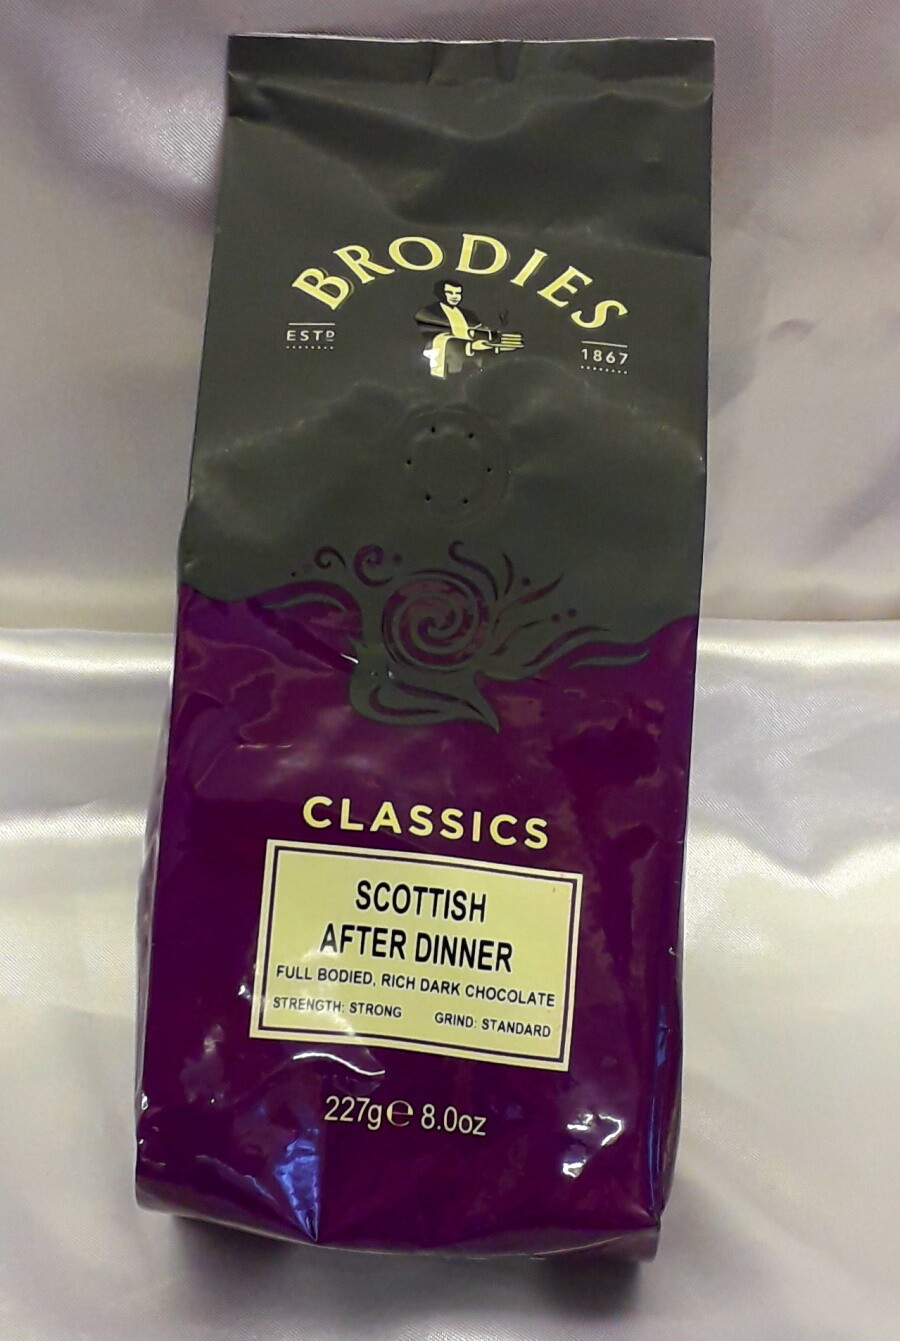 Brodies Scottish After Dinner Coffee 227g
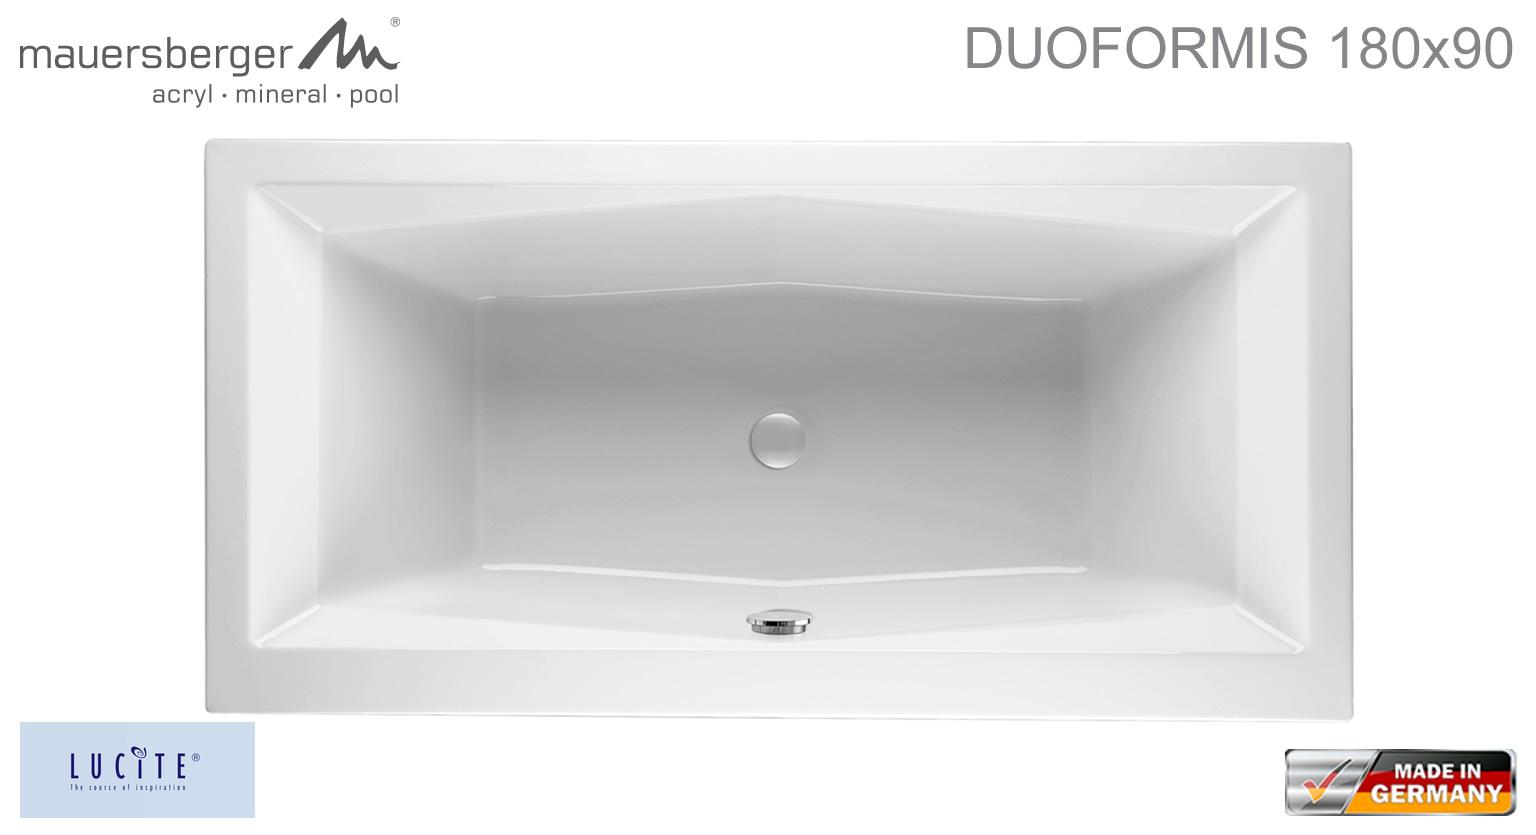 mauersberger badewanne duoformis 180 x 90 cm rechteck acryl badewanne impulsbad. Black Bedroom Furniture Sets. Home Design Ideas
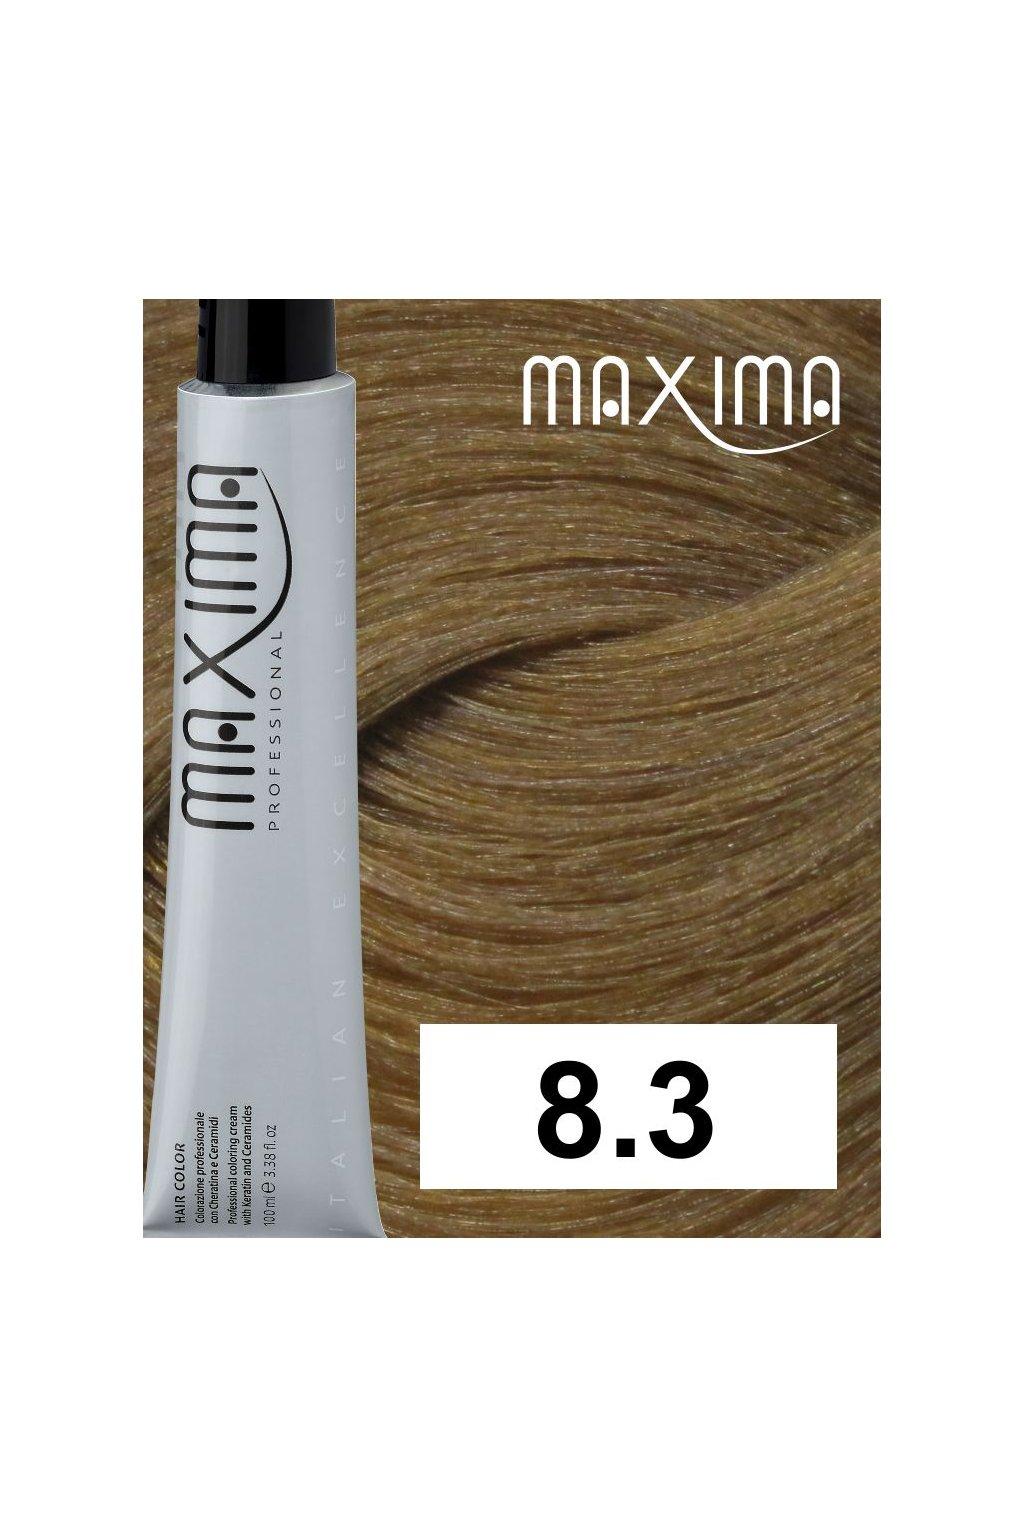 8 3 max

### AIM OF THE TASK
Would you set down the material exactly as it stands, without the pictures?

### THE ANSWER
 Brodies Scottish After Dinner Coffee 227g
 mauersberger badewanne duoformis 180 x 90 cm rechteck acryl badewanne impulsbad. Black Bedroom Furniture Sets. Home Design Ideas
 8 3 max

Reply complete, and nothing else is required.